The LMS, then, becomes not just a platform where we try to manage to teach through a screen, but a teacher of teachers itself. Professional development won’t even be a click away, it will be integrated into the interface. Or it will be unnecessary.

This is not why we brought computers into classrooms. This is not why we investigate and invite digitally-inflected learning. There are better, more interesting uses of technology in education. The initiative started at the University of Mary Washington—Domain of One’s Own—is an example of what digital learning and teaching can be. Martha Burtis, one of the founders of the initiative, described her first foray into the experiment this way:

"Suddenly, the Web felt accessible to me in a way it had never been before. I had complete control over a slice of it, and I dove into understanding how it worked. I started my own blog (as did all of my colleagues). I began experimenting with open source community building platforms as a way to connect our department since, at the time, we all worked in different buildings. We began building custom learning spaces for courses, based on partnerships with faculty."

Rather than a space that was attached to outcomes, curricula, and the rest, Domain of One’s Own changed the whole relationship between students and the web, and between teachers and the web. Martha notes that the four primary goals of the initiative are to:

  • Provide students with the tools and technologies to build out a digital space of their own
  • Help students appreciate how digital identity is formed
  • Provide students with curricular opportunities to use the Web in meaningful ways
  • Push students to understand how the technologies that underpin the Web work, and how that impacts their lives
    These are pedagogical goals, not instrumental ones, not goals wedded to outcomes like retention and performance—though they undoubtedly affect those things.

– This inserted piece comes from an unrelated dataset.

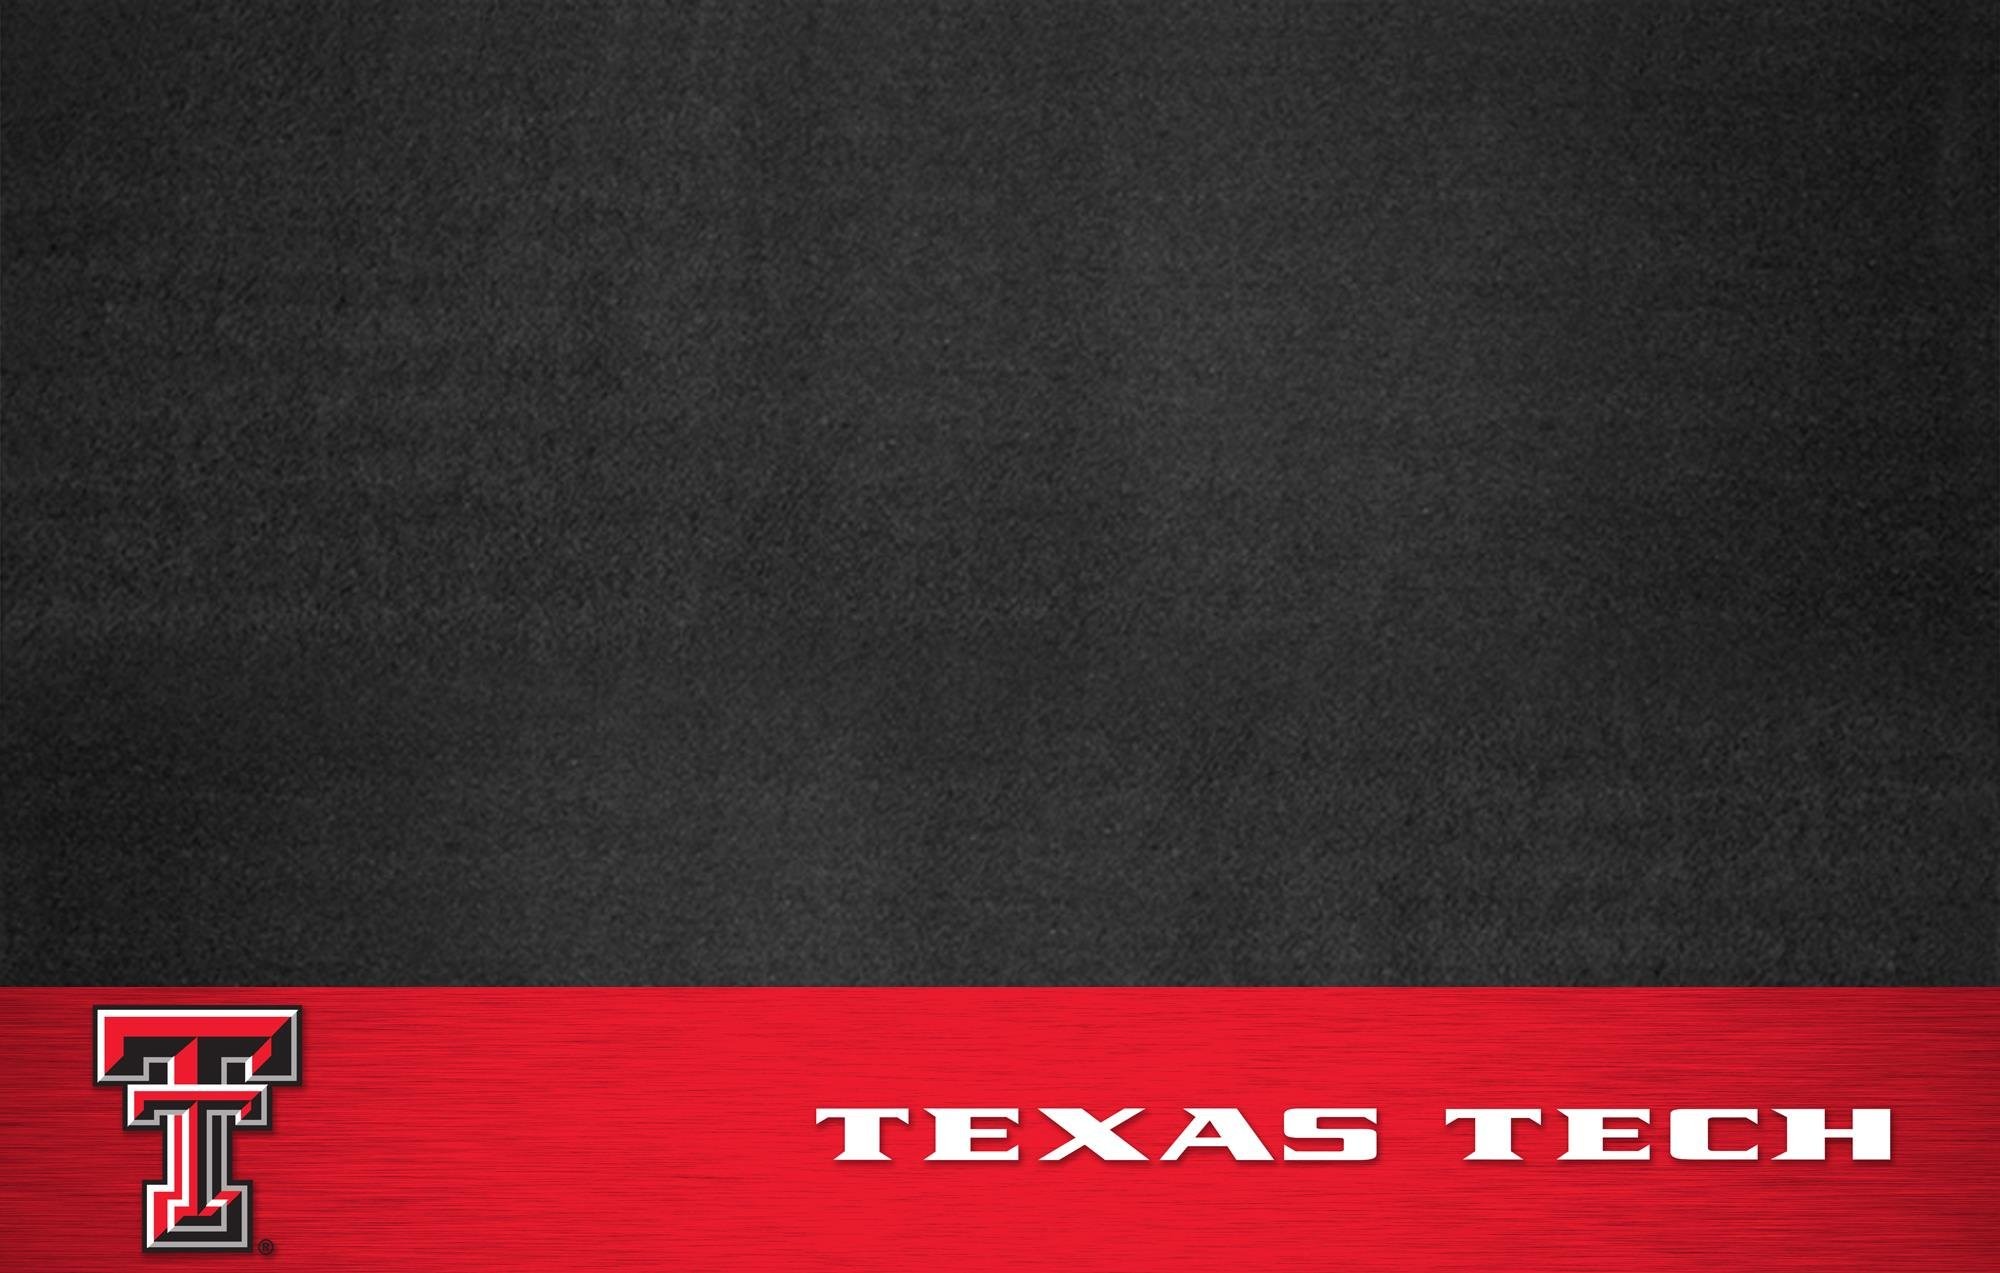 2000x1273 Texas Tech Wallpaper Football PC Texas Tech Football | HD Wallpapers |  Pinterest | Football wallpaper, Wallpaper and Hd wallpaper

Very soon, the University of Mary Washington will choose to renew their contract with Instructure. But the Domain of One’s Own project has been asked to justify its cost. I don’t say this to damn UMW, because frankly this isn’t unusual across higher education. The drive for data, for results, for efficiency can blind us to the opportunities in front of us. Educational technology like Canvas makes everything so easy, so efficient, so cleverly workable.

But here’s the thing: the predation of the edtech industry only works if we don’t lift our heads to see it, raise our hands to change it, stand in its way.

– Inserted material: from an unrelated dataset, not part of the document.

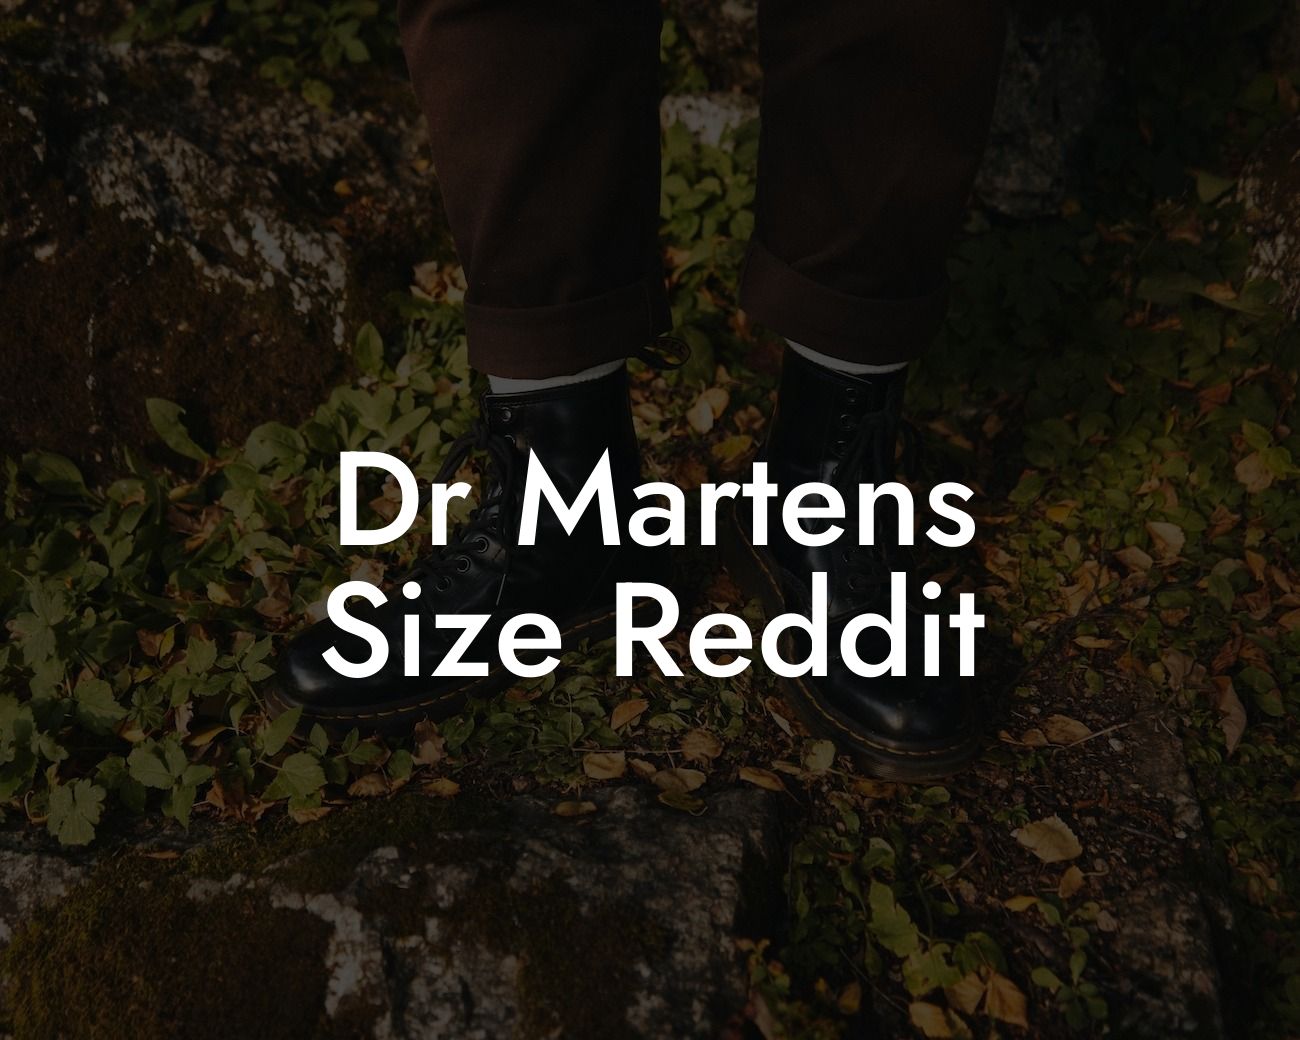 Dr Martens Size Reddit

Seymour Papert wrote that:

"Most honest Schoolers are locked into the assumption that School’s way is the only way because they have never seen or imagined convincing alternatives to impart certain kinds of knowledge … almost all experiments in purporting to implement progressive education have been disappointing because they simply did not go far enough in making the student the subject of the process rather than the object."

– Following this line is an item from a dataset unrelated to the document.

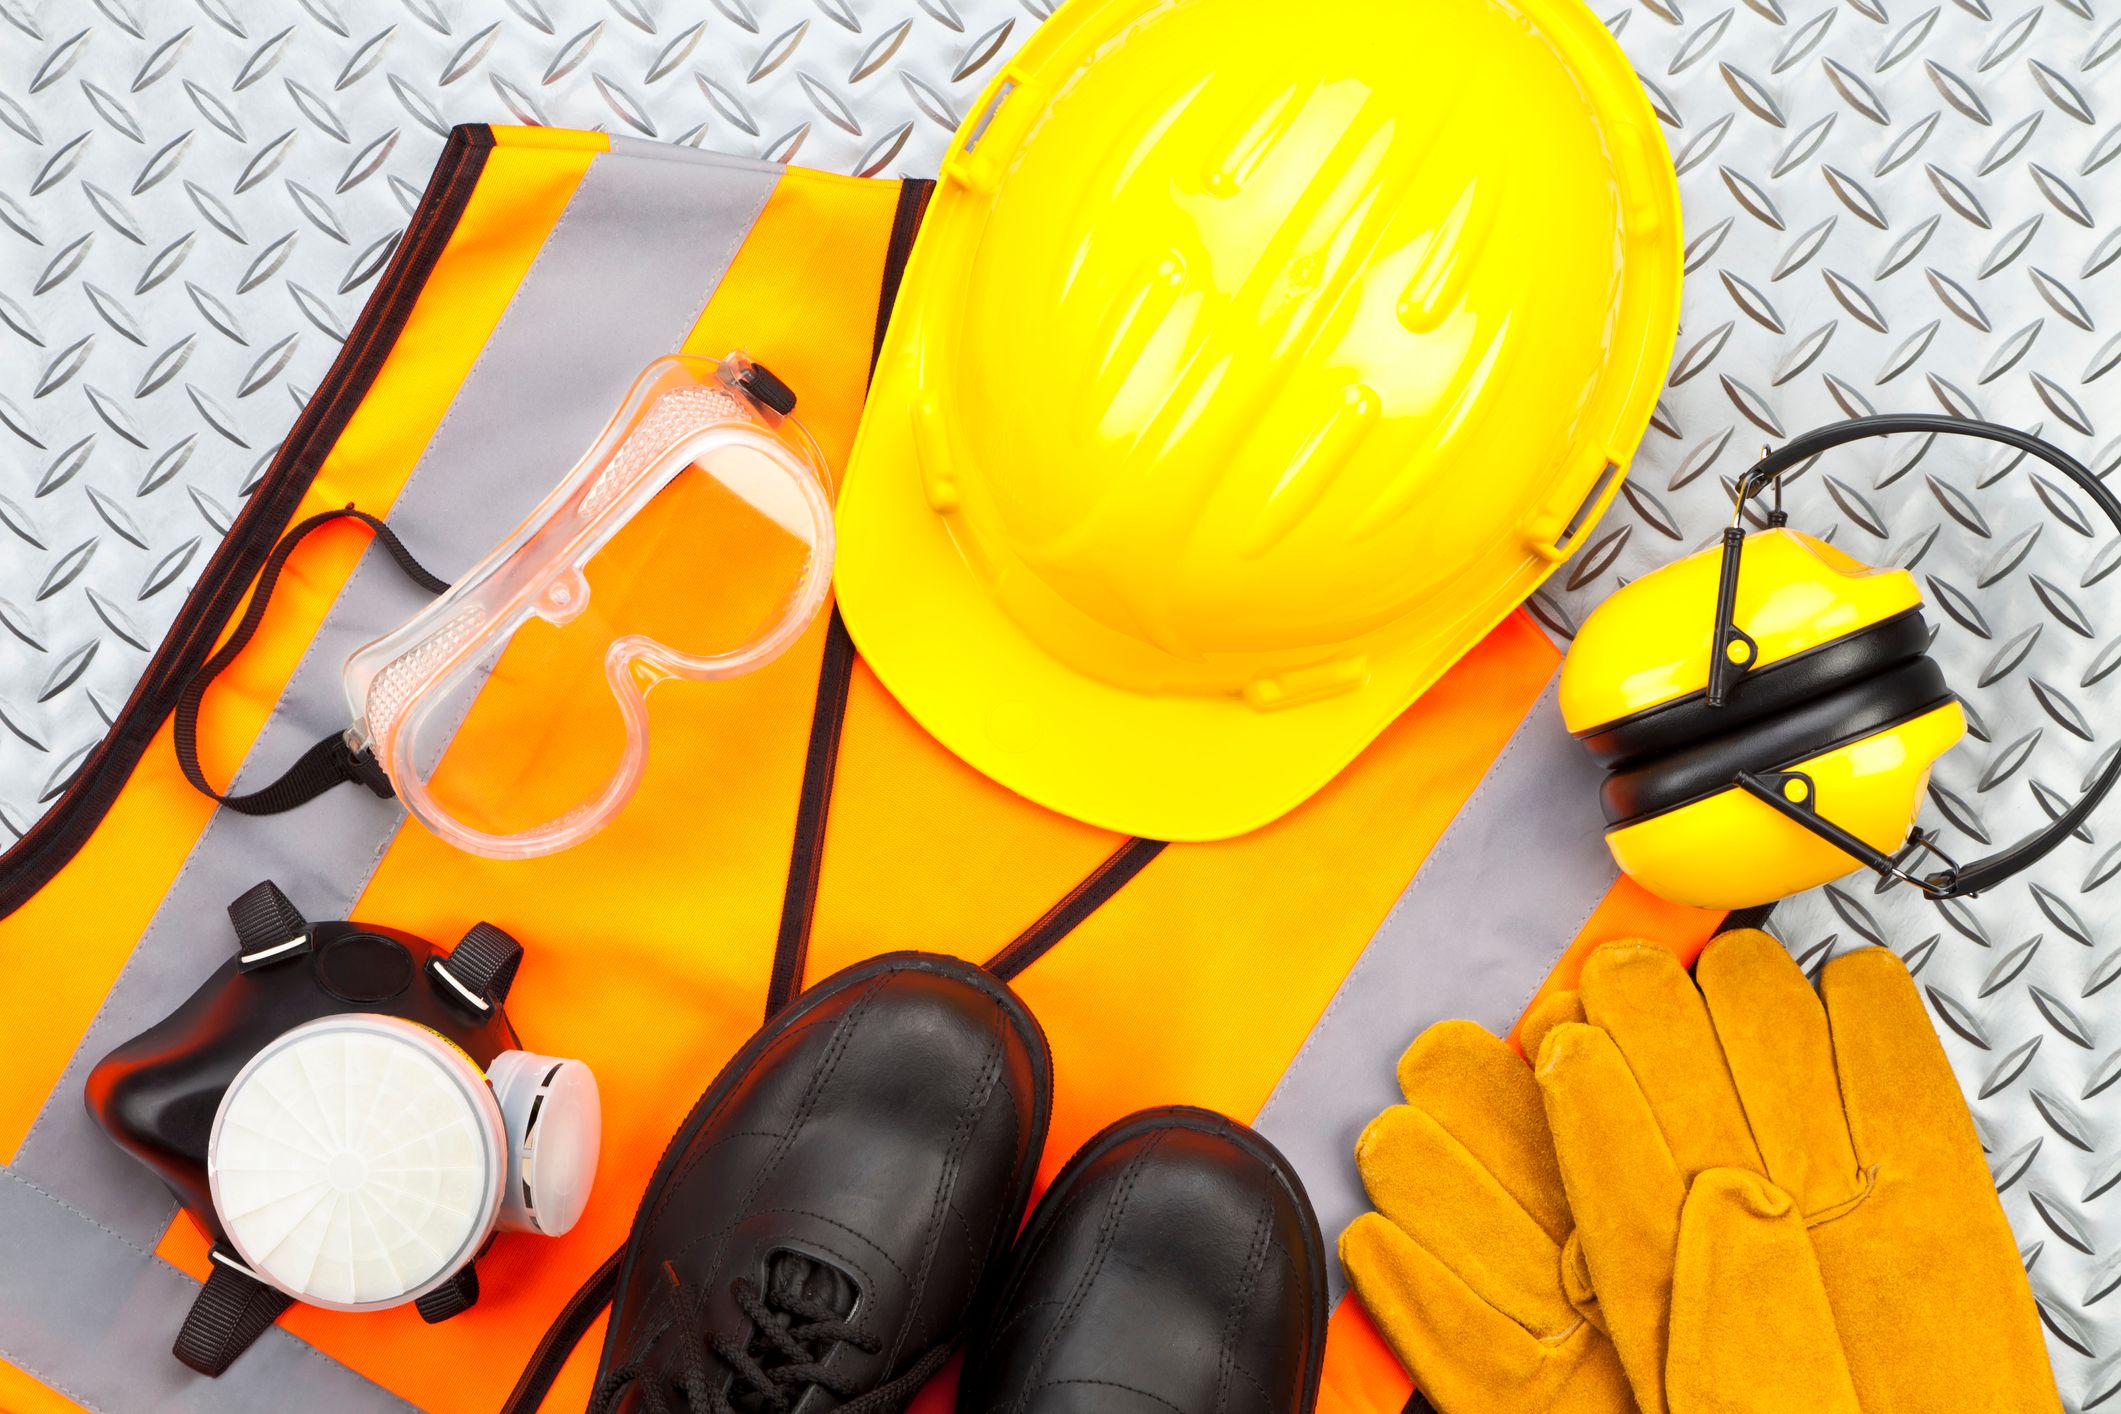 Um capacete amarelo, óculos de segurança, luvas de trabalho, botas de segurança, um colete refletivo e protetores auriculares dispostos sobre uma superfície texturizada.

It needs to be our job to imagine convincing alternatives, to go far enough.

The educational technology industry wants a clean house. The makers of learning management systems, ePortfolio platforms, plagiarism detection services are all happy to watch us work to make their world shinier, happier, more glossy and clean. They don’t want us to be seen or heard. They don’t want to be disturbed by the noise education makes.

But today, here, this community at Digital Pedagogy Lab, we’re going to make some noise.